SOURCE: McKenzie Bay International

McKenzie Bay International

April 26, 2010 15:45 ET

McKenzie Bay International Ltd. (MKBY) Settles With YA Global

BRIGHTON, MI--(Marketwire - April 26, 2010) - McKenzie Bay International Ltd. (PINKSHEETS: MKBY) is pleased to announce today that it has settled litigation filed against it in April 2009 in New Jersey by YA Global Investments LP (YA Global). In this lawsuit, YA Global alleged that it was owed more than $6.5 million under a series of convertible debentures issued by MKBY between October 2005 and May 2006. 
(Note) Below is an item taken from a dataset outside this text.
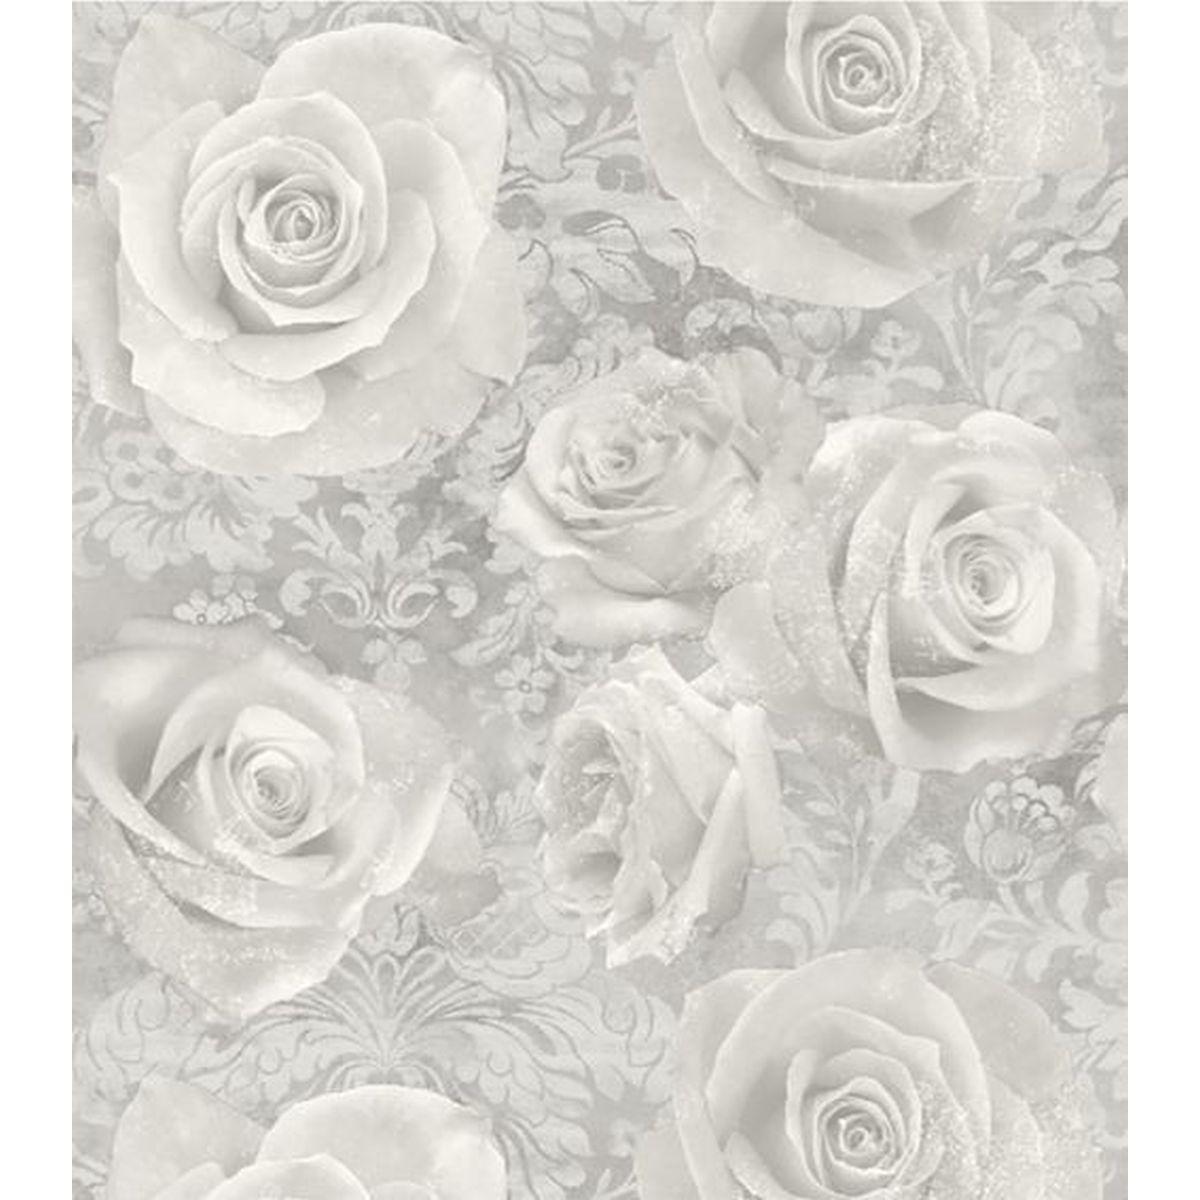 Best of Arthouse Vliestapete Qualitätsvolle Tapete 623303 Grau Blumentapete

Under the settlement, effective as of April 21, 2010, MKBY issued an Amended and Restated Debenture in the original principal amount of $3,250,000 in substitution for all obligations of MKBY's obligations under all prior convertible debentures it issued to YA. In addition, all other obligations of MKBY, under any warrants or other agreements with YA have been terminated and released. This Amended and Restated Debenture has a 3.5 year term and carries 0% interest unless there is an event of default, in which case interest shall have been deemed to accrue from issuance at an annual rate of 5% and at 12% during the continuance of an event of default. In addition, absent a default, the principal amount of the Amended and Restated Debenture will be considered paid in full if MKBY pays YA Global $2.75 million in stock or cash on or prior to October 21, 2010. MKBY must make a minimum repayment of at least $1.25 million on or before the second anniversary of the issue date of the Amended and Restated Debenture.

Currently an Escrow Agent is holding 20,331,287 shares of MKBY common stock (Escrowed Stock). During each of the first five months after the issuance of the Amended and Restated Debenture, YA may elect to have transferred to it up to 4 million shares of Escrowed Stock and during the sixth month after the issuance date of the Amended and Restated Debenture, YA may elect to have transferred to it to the balance of the Escrowed Stock. YA will be permitted to sell up to a maximum of 4 million shares of the Escrowed Stock each month. Subject to certain conditions contained in the Amended and Restated Debenture, whether or not YA elects to have shares of Escrowed Stock transferred to it, during each of the first five months after the issuance of the Amended and Restated Debenture, the principal amount outstanding under the debenture will be reduced by the product of 4,000,000 multiplied by the volume-weighted average price (the VWAP) of MKBY's common stock during the applicable month. Similarly, during the sixth month after the issuance date of the Amended and Restated Debenture, subject to certain conditions contained in the Amended and Restated Debenture, the principal amount outstanding under the debenture will be reduced by the product of 331,287 multiplied by the VWAP of MKBY's common stock for the sixth month after the issuance date of the Amended and Restated Debenture.

After six months following the issuance date of the Amended and Restated Debenture, unless MKBY has paid YA Global in cash or stock of at least $2.75 million, MKBY is required to pay YA the full amount of the Amended and Restated Debenture -- $3.25 million -- by issuing to YA a minimum number of shares of MKBY common stock each month equal to the greater of i) 2 million shares or (ii) 20% of the aggregate trading volume of MKBY stock the preceding calendar month. Alternatively, MKBY may, in lieu of issuing such stock, pay their cash equivalent (determined based upon the VWAP of MKBY's common stock during the month prior to the applicable month), and under certain circumstances may be required to pay cash in lieu of issuing the common stock. These payments or stock issuances will decrease the amount owing under the new debenture, in the case of stock issuances, in the amount equal to the VWAP of MKBY common stock for the applicable calendar month multiplied by the number of shares issued.

Pursuant to the Amended and Restated Debenture, YA is restricted from owning more than 9.9% of MKBY's common stock at any one time and may not elect to have Escrowed Stock transferred to it or have other shares of MKBY common stock issued to it for payment if it would cause YA to exceed this limitation. To the extent that YA cannot accept MKBY stock solely because by doing so it will own more than 9.9% of MKBY, MKBY shall not be obligated to provide it with stock or cash until YA is able to accept additional MKBY stock, and the maturity date of the new debenture will be extended. MKBY is currently authorized to issue up to 300 million shares of common stock, of which 161,421,422 shares are issued and outstanding. MKBY has reserved, in addition to the Escrowed Stock, 70 million shares for issuance under the Amended and Restated Debenture. This reserve is not a cap or minimum regarding the actual number of shares that may be issued and the total number of shares issued may exceed or be less than such reserve. 

"We are excited finally to reach an agreement that allows McKenzie Bay to put this dispute to rest," said McKenzie Bay President Kevin Cook. "With this distraction behind us, McKenzie Bay will now be able to move forward with our new business plan, focusing on renewable energy technology and project development."

MKBY cautions that the statements made in this press release constitute forward-looking statements, and makes no guarantees of future performance and actual results or developments may differ materially from the projections in the forward-looking statements. Forward-looking statements are based on the estimates and opinions of management at the time the statements are made.